State Of Orissa & Other v. The Titaghur Paper Mills Company 1985 AIR 1293, 1985 SCR (3) 26

1. The Orissa Sales Tax Act, 1917 empowered the State Government to declare goods or class of
goods liable to be taxed.
2. The government issued a notification through which standing trees and bamboos agreed to be
severed were liable to be taxed on the turnover of purchase.
3. Writ petitions were filed by a group of those people who had entered into bamboo contracts
and timber contracts with the State.
4. The Petitioners contended that the subject matter of the bamboo contract was not a sale or
purchase of goods but was a lease of immovable property or was a creation of an interest in
immovable property by way of grant of ‘Profit a Prendre’ and due to this the royalty payable
under the bamboo contracts could not be made exigible to either sales tax or purchase tax.
5. The Court held that “felling, cutting, obtaining and removing bamboos from forest areas for the
manufacture of paper” is a benefit to arise out of the land and it would thus be an interest in
immovable property.

Duncans Industries Ltd. v.

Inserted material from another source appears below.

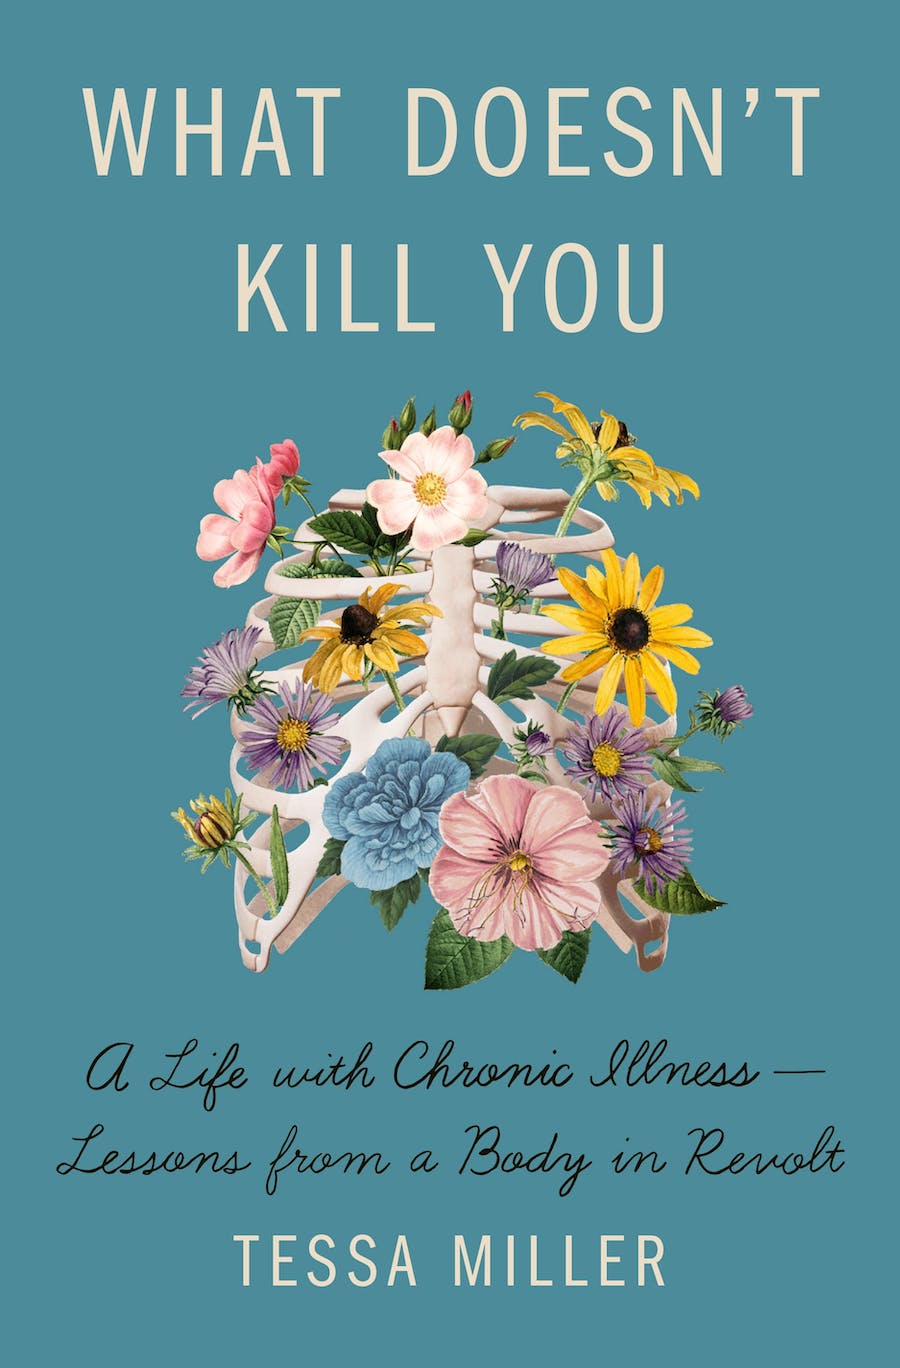 What doesn't kill you is written in off-white against a blue background. A ribcage with flowers growing out of it is in the centre. At the bottom, black handwriting reads A life with chronic illness - lessons from a body in revolt.

State of U.P. (2000) 1 SCC 633


1. ICI India agreed to transfer its fertilizer business including the plant and machinery to
Duncan Industries (appellant)
2. The machineries which formed the fertilizer plant were permanently embedded in the
earth, for running the fertilizer factory and at the time, when these machineries were
embedded in earth, they were done so by the owner with an intention, to use them
permanently.
3. The parties had treated them as movables and had delivered possession of the said plant
and machinery as movables.
4. The issue was with respect to the character of plant and machinery.
5. Held that the plant and machinery to be treated as immovable property
6. Referred cases: Reynolds v Ashby &Son (1904 AC 466), Official liquidator v Shri
Krishan Deo AIR 1959 All 257,

Bamadev Panigrahi v. Monorama Raj AIR 1974 AP 226

1. The plaintiff’s husband installed cinema equipments like projector, diesel engine, etc.
on that mortgaged land for the purpose of running the cinema
2. Issue is whether cinema equipments relate to movable or immovable
3. property.
4. Held: Cinema equipments installed are ‘movable properties.
5. Intendment, object and purpose of installing the cinema equipments was only to have
the beneficial enjoyment of the very equipment during the mortgage.
6. Referred Cases: Naryana v. Balaguruswami AIR 1924 Mad. 187, Meghraj v Krishna
Chandra AIR 1924 All. 365, Subramaniam Firm v Chindambaram 412 Transfer of
Property Act AIR 1940 Mad. 527, Mohammed Ibrahim v. Northern Circas Fibre
Trading Co. AIR 1944 Mad. 492, Board of Revenue v. Venkataswami Naidu AIR
1955 Mad.620, J.H Subbiah v Govind Roa AIR 1953 Nag. 224, Chetty & Co. v.